Similarly, in the case of transfer of movable property being unquoted shares of a company, at a price less than the fair market value (FMV), the notional capital gain is computed considering the FMV as the sale consideration as per section 50CA (inserted vide Finance Act 2017) of the Act.

Wrong results

At the same time, the transferee (recipient) is also subject to tax on the notional income being the difference between the FMV and the consideration received for transfer of the immoveable property and unquoted shares as income under the head “Income from other sources”.

This can lead to double taxation of the same income in the hands of the seller (section 43CA, 50C and 50CA) and the buyer [section 56(2)(x)]. The Finance Minister refers to the difference (in stamp duty valuation and sale consideration) being taxed as income both in the hands of the purchaser and the seller.

The intention of the government in amending the provisions of section 56 of the Act was to prevent money laundering which was taking place in the garb of gifts to unrelated persons.

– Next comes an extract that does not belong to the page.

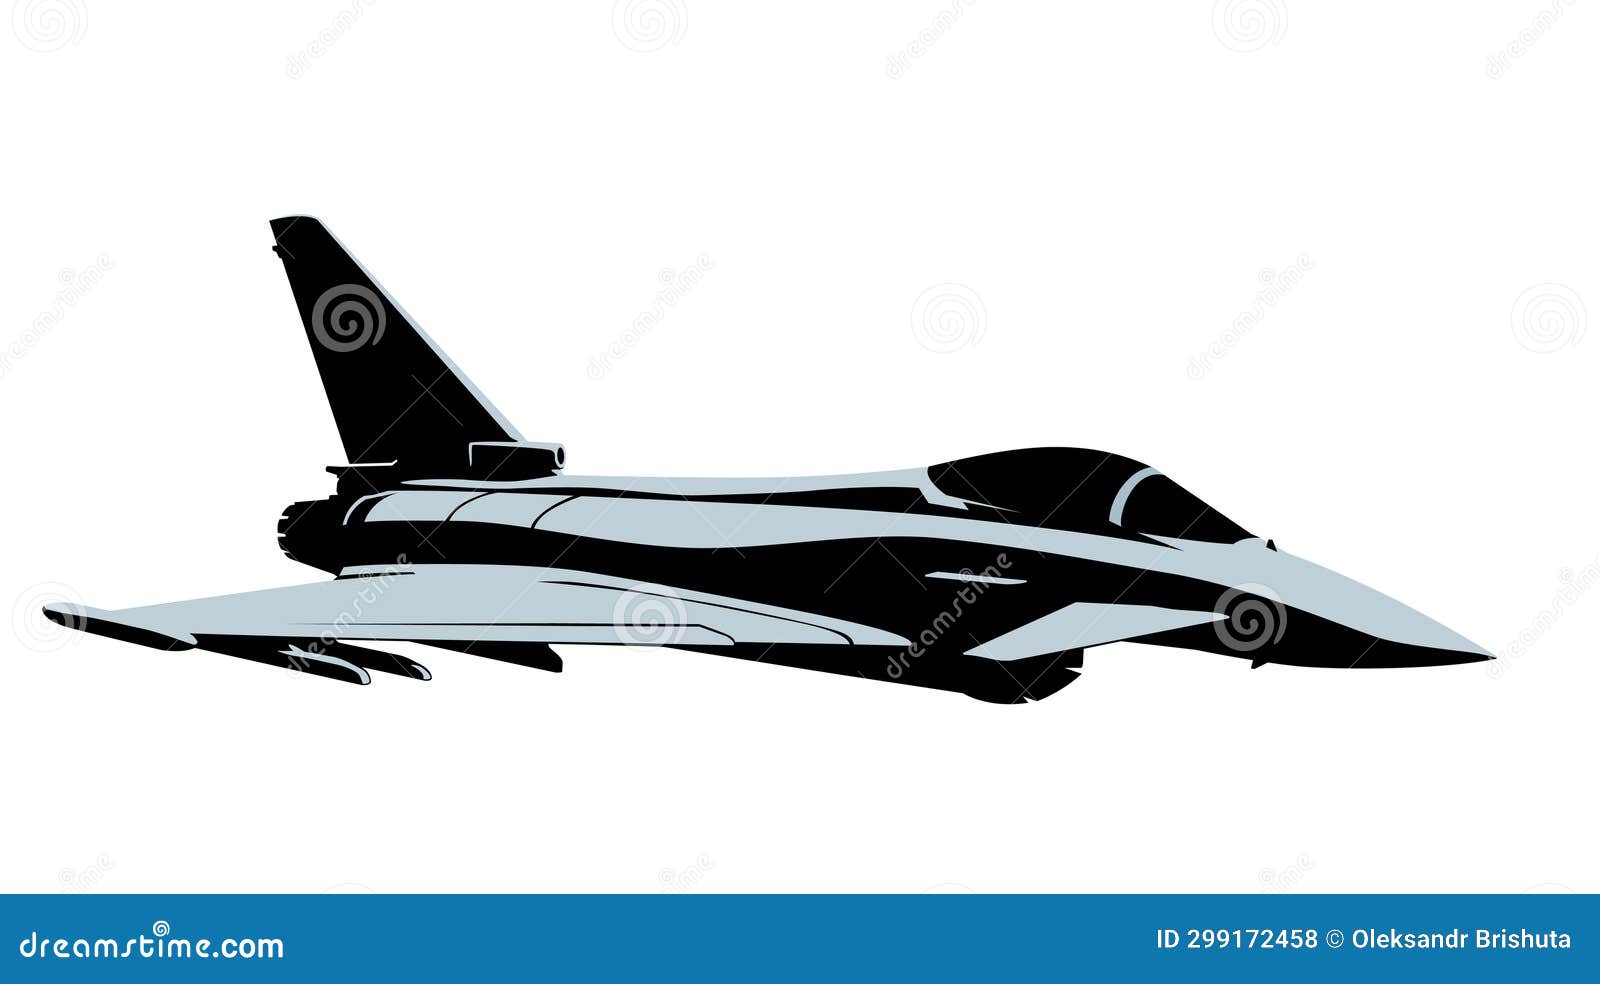 eurofighter typhoon fighter jet. a modern supersonic combat aircraft.

To achieve that, the transfer that is chargeable to capital gains and taxed as per section 43CA, 50C or 50CA of the Act should not be considered for the purpose of section 56.

However, the law as it stands today, taxes certain income / gain twice, once in the hands of the transferor and simultaneously in the hands of the transferee. The measures taken by the government to rationalise the provisions of section 43CA, section 50C and section 56 are, hence, incomplete. The Govenment must fix this immediately.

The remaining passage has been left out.